Als Blinder in der Coronakrise«Sie sagte, dass sie mich nicht berühren darf»
Von Jennifer Furer
16.8.2020
Für blinde und sehbehinderte Menschen ist die Coronakrise eine besondere Herausforderung. Gerd Bingemann sagt, wie er mit der Abstandsregel umgeht und wieso er ein Fitnessstudio mit blauen Flecken verlassen hat.
Gerd Bingemann steht am Bahnsteig im Zürcher Hauptbahnhof. In der Hand hält er einen weissen Stock. Sein Gesicht ist freundlich. Es wirkt, als schwebe er in Gedanken. Die Augen sind auf den Boden gerichtet. Als der Zug einfährt und Bingemann sich in dessen Richtung bewegt, ist zu erkennen, dass der Mann mit kurzen weissen Haaren blind ist.

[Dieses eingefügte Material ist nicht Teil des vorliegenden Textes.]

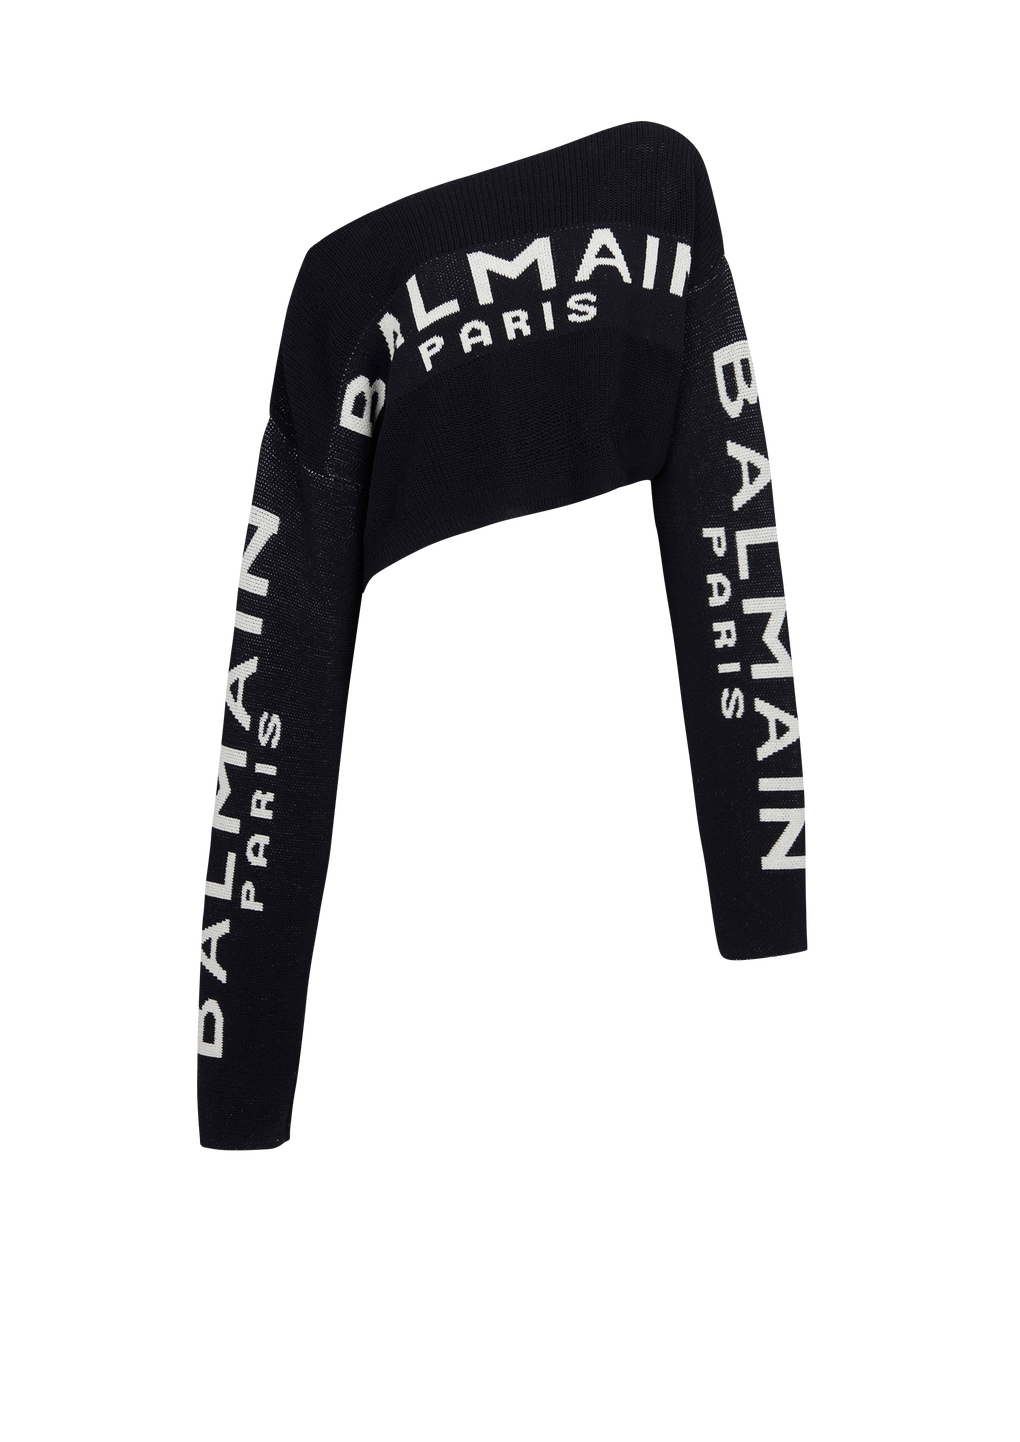 Pullover corto in maglia con logo Balmain graffiti, nero, hi-res

Mit seinem Langstock ertastet Bingemann erst die Gleiskante, dann die Türe. Er steigt in den Zug ein und erfühlt sich mit seinen Händen und dem Stock den Weg zu einem Sitzplatz. «Ist hier noch frei?» Niemand antwortet. Ein Zeichen, dass Bingemann, der seit zehn Jahren blind ist, sich wohl setzen kann.
Sicherheitshalber tastet er den anvisierten Sitz zuerst ab, bevor er sich schliesslich hineinfallen lässt. «Ohne diese Absicherung bin ich nämlich einmal auf den Schoss eines überaus schweigsamen Passagiers gesessen», meint er schmunzelnd. Mit schon auf dem Perron aufgesetzter Hygienemaske mag er sich dem Rattern des Zuges nicht allzu lange hingeben und zückt daher seinen Player, um via Kopfhörer ein Audiomagazin zu lesen.

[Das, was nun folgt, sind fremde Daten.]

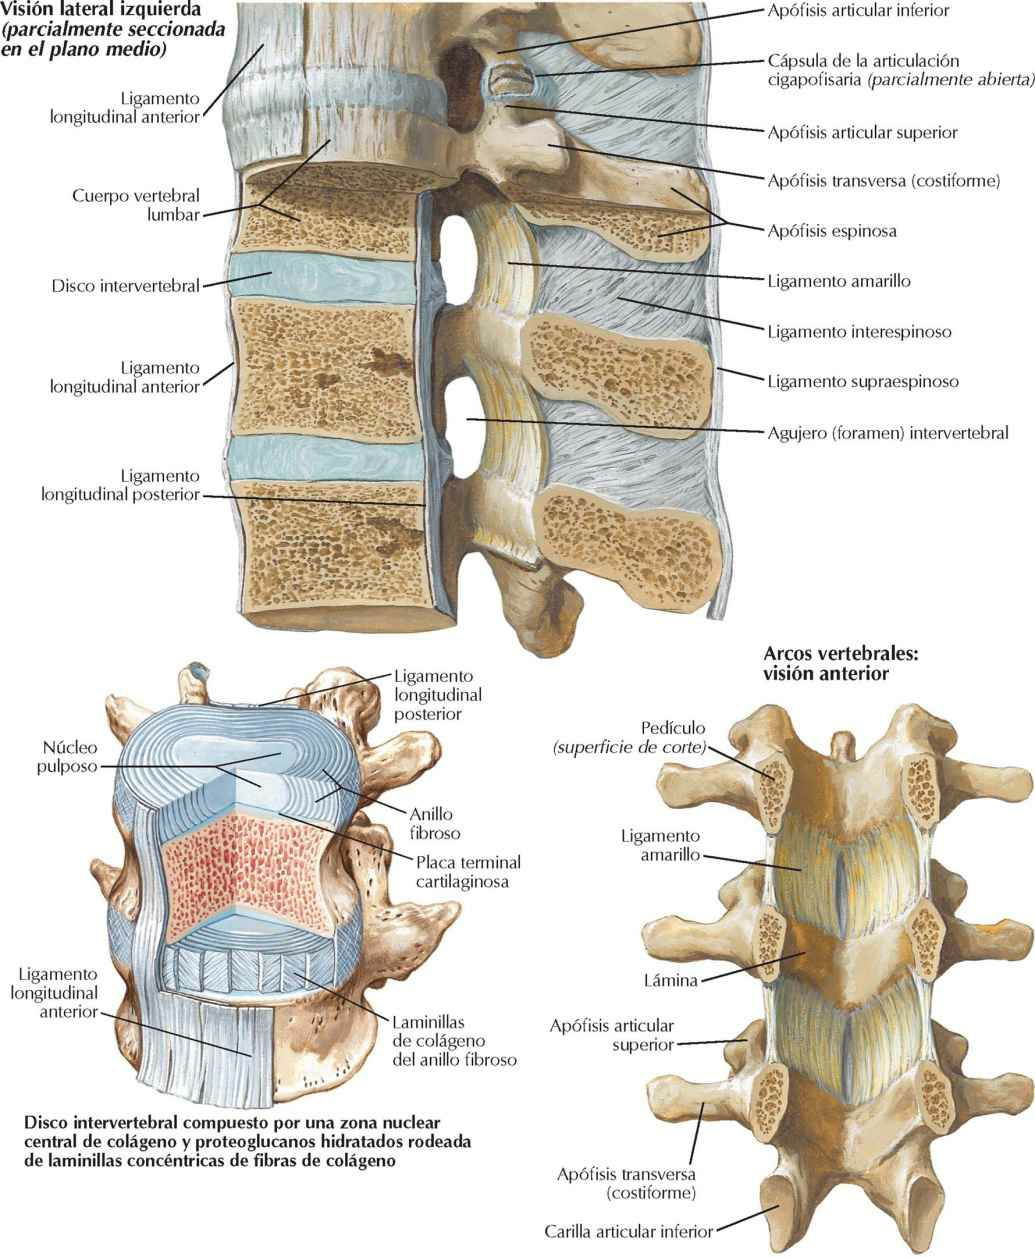 Ligamentos vertebrales: región lumbar

Schwierigkeiten in unverhofften Situationen
Hören und tasten: Das sind jene Sinne, auf die sich der 59-Jährige verlassen muss, wenn er sich alleine fortbewegen möchte. «Aber auch auf meine Ohren ist nicht immer Verlass», sagt der Mann mit einer sanften und anregenden Stimme. Seit einigen Jahren ist eine Hörbehinderung der Grund dafür, dass Bingemann nicht mehr mit Sicherheit einordnen kann, woher ein Geräusch stammt.
Das sei zuweilen nicht nur peinlich, sondern kann durchaus gefährlich werden, meint der passionierte Musiker – beispielsweise, wenn er die Strasse überqueren möchte. «Ich merke dann manchmal nicht, woher ein Auto kommt.»
Schwierigkeiten habe der in Wil SG wohnhafte Mann auch, wenn ihn unverhofft eine fremde Person anspreche – etwa, weil ihn seine Ehefrau Ursula beim Einkaufen kurz aus den Augen lässt, die Situation sich dann aber ändert, sodass er auf einmal anderen Leuten im Weg steht.
«Da kommt es manchmal zu unangenehmen Situationen, weil ich gar nicht realisiere, dass jemand «im Corona-Abstand» zu mir spricht. Und wenn ich es dann verstehe, weiss ich oft nicht, woher die Stimme kommt», sagt Bingemann.
Es sei jeweils auch schwierig, herauszuhören, wohin er sich in einer Warteschlange stellen müsse. «Die Leute sind es sich nicht gewohnt, sich diesbezüglich präzis auszudrücken und klare Anweisungen zu geben.»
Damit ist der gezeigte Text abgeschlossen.